Pharmaceutical exports from Gujarat, India have increased by 11% in fiscal year 2018–19, according to data provided by the Gujarat State Board of Indian Drug Manufacturers’ Association (IDMA). Gujarat accounts for a minimum of 28% of India's pharma exports, with exports totalling $5.36bn in 2018–19, up from $4.83bn the previous year. The Indian pharma industry has bounced back with an estimated export value of $19.15bn in 2018–19, an increase of 10.85% over the previous year. The sector's strong performance is partly attributed to the strengthening of the dollar against the rupee.

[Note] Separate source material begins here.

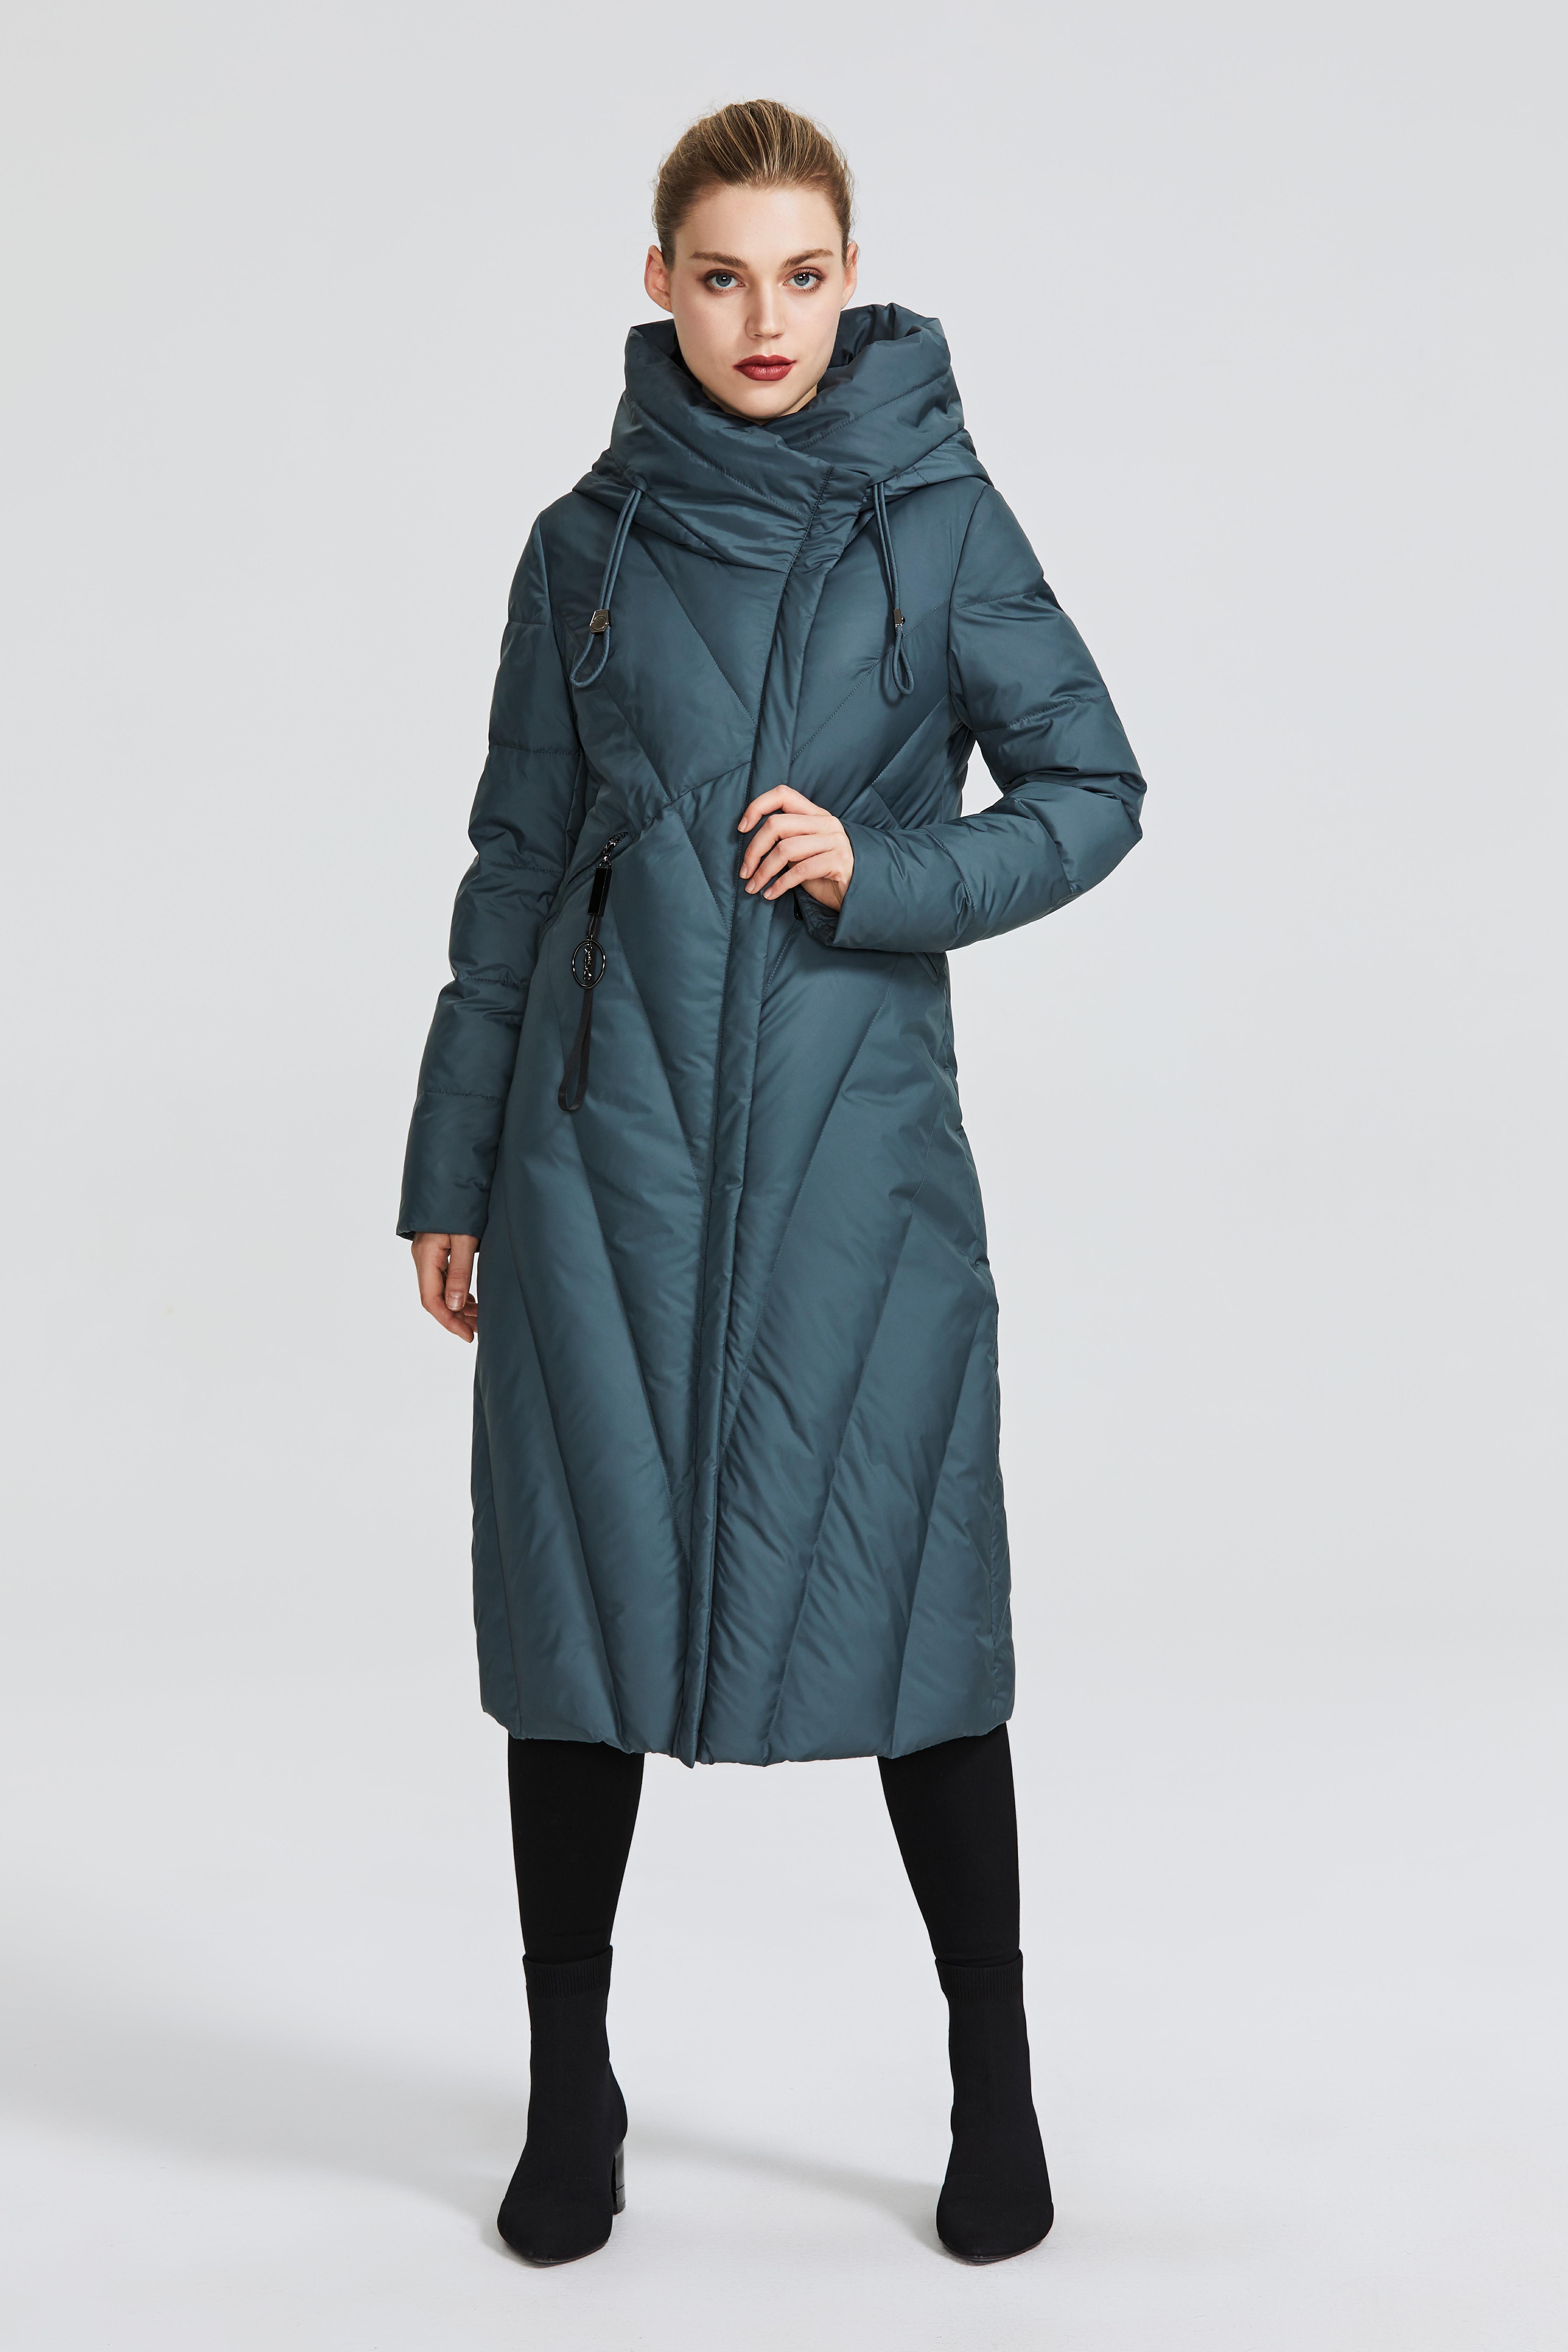 مجموعة معطف نسائي جديد من MIEGOFCE D99266 مع ياقة مقاومة للرياح للنساء

Gujarat's pharmaceutical exports consist of various types of products, including formulations, bulk drugs, intermediates, and drug formulations. The major markets for Gujarat's pharmaceutical exports are the United States, European Union, Africa, and the Middle East.

Year 2021–2022
| Sr. No. | Districts | Commodities | Value of Export (in US$ Million) |
| 1 | Bharuch | Drugs And Pharmaceuticals | 406.06 |
| Total export of District | 4695.14 |
| 2 | Ahmedabad | Drugs And Pharmaceuticals | 1218.54 |
| Total export of District | 4439.12 |
| 3 | Vadodara | Drugs And Pharmaceuticals | 320.65 |
| Total export of District | 3710.32 |
| 4 | Valsad | Drugs And Pharmaceuticals | 140.26 |
| Total export of District | 1970.23 |

The Gujarat government has also taken several initiatives to promote pharmaceutical exports from the state. These initiatives include the establishment of pharma parks and special economic zones, providing financial incentives and subsidies for exporters, and the organization of trade fairs and exhibitions to showcase the products of the state's pharmaceutical industry.